Little Parvathy will live to tell her tale

Toddler undergoes transplant surgery with her father and grandmother donating liver and kidney respectively

February 18, 2017 07:00 pm | Updated 07:00 pm IST

KOCHI: Shinumon M.R. and Saritha Shinu had been over the moon for three months since the birth of their daughter Parvathy.

However, the happiness of the couple from Kodakara in Thrissur district was short-lived as the toddler was diagnosed with a chronic kidney problem.

She had Primary Hyperoxaluria Type 1 — a very rare condition in which the deficiency of a liver enzyme called AGXT leads to an abnormal spike in blood Oxalate levels, which permanently damages kidney.
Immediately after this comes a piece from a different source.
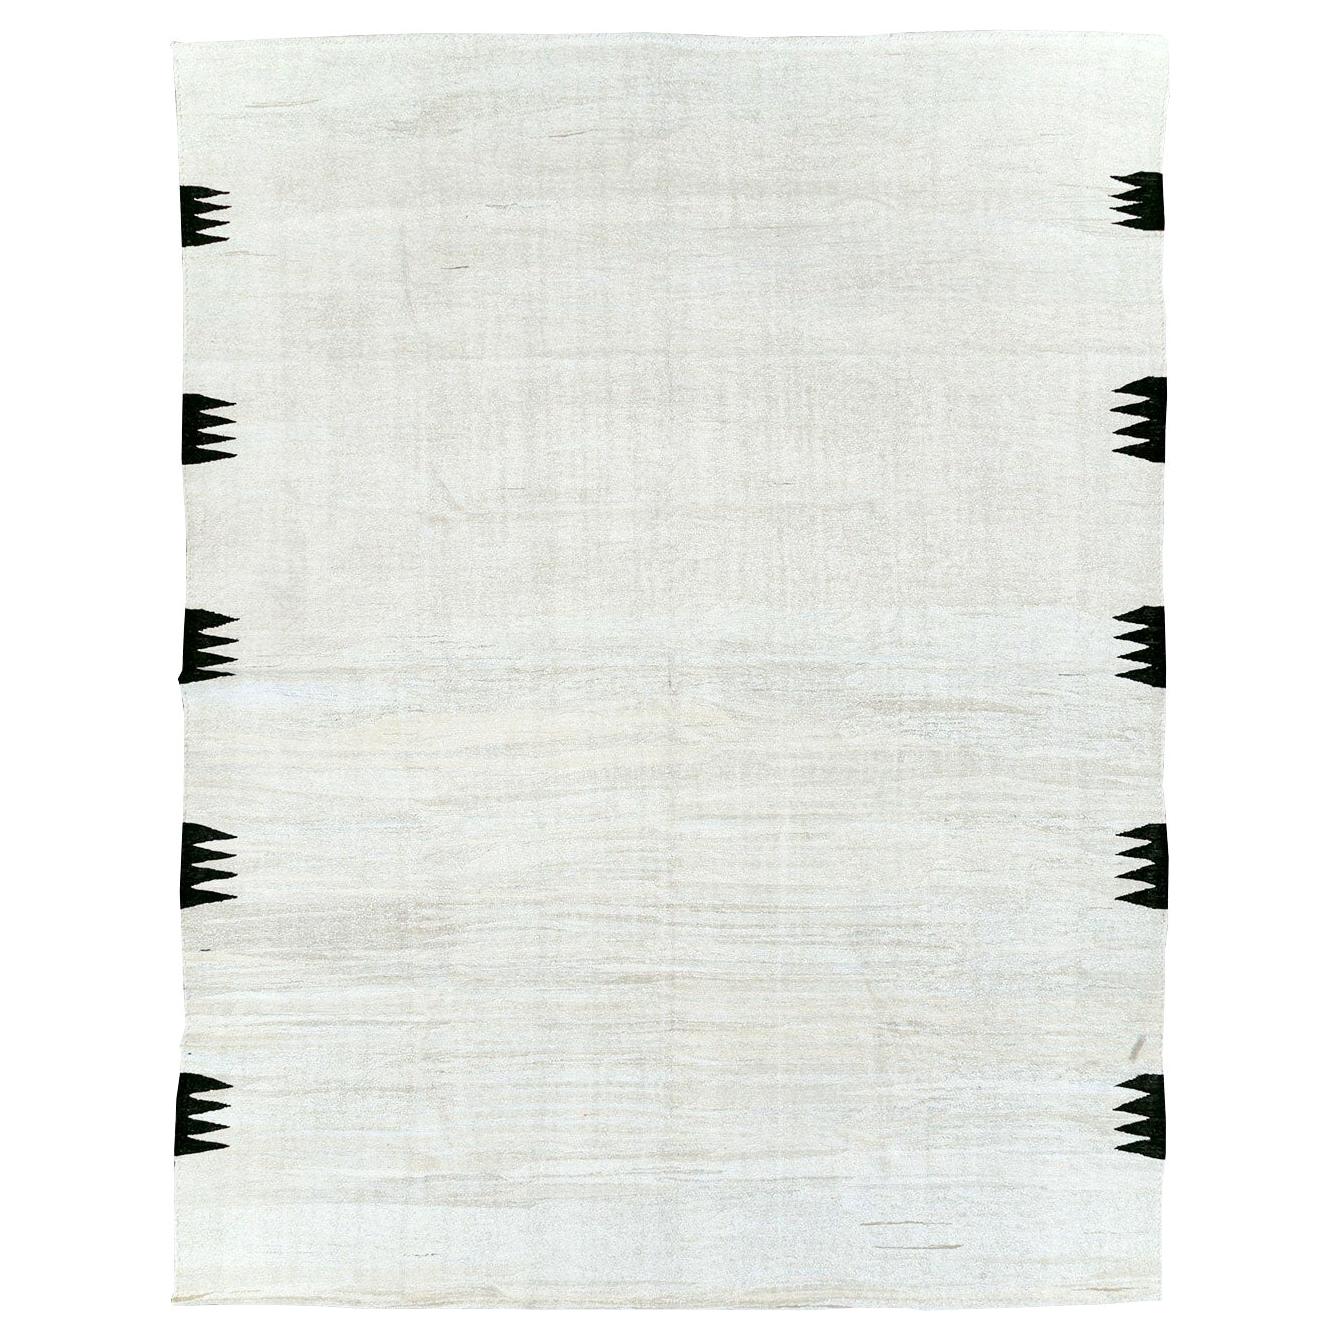 Bauhaus Contemporary Turkish Flatweave Kilim Room Size Carpet in White and Black For Sale

Doctors then zeroed in on a combined liver-kidney transplant, the only option available to save Paravathy’s life. Shinumon and Parvathy’s grandmother Sathy Raghavan volunteered to donate their liver and kidney respectively. In hindsight, finding donors was the easiest part.

What proved excruciating was the wait for the toddler to gain weight as the transplant surgery required her to gain at least 10 kg. However, she stopped gaining weight at 7 kg owing to multiple complications even as she was put on intense nutritional rehabilitation.

Watching her condition worsen by the day, doctors at Aster Medcity decided to go ahead with the surgery notwithstanding the high risk involved. The main challenge for the transplant surgery on the 20-month-old was her weight and size, for transplanting a disproportionate kidney runs the risk of compression of kidney veins leading to clots in the transplanted organ.

“The solution was to remove her damaged right kidney and use the space vacated by her liver to place the new kidney. The blood volume in her kidney too had to be increased using highly specialised perioperative anaesthetic techniques,” said Dr. Mathew Jacob, consultant liver and abdominal multi-organ transplant surgeon.

The 20-hour procedure got under way after two weeks of extensive planning and preparation in January. The procedure comprising three simultaneous surgeries — liver donor, kidney donor, and recipient — was successfully carried out by a team of surgeons and anaesthetists led by Suresh G. Nair. “This is the first time in the world that a dual live-donor-liver and kidney transplant surgery has been performed on such a small child,” the hospital said in a press release.

Parvathy recuperated at the hospital in 51 days post-surgery and started gaining weight.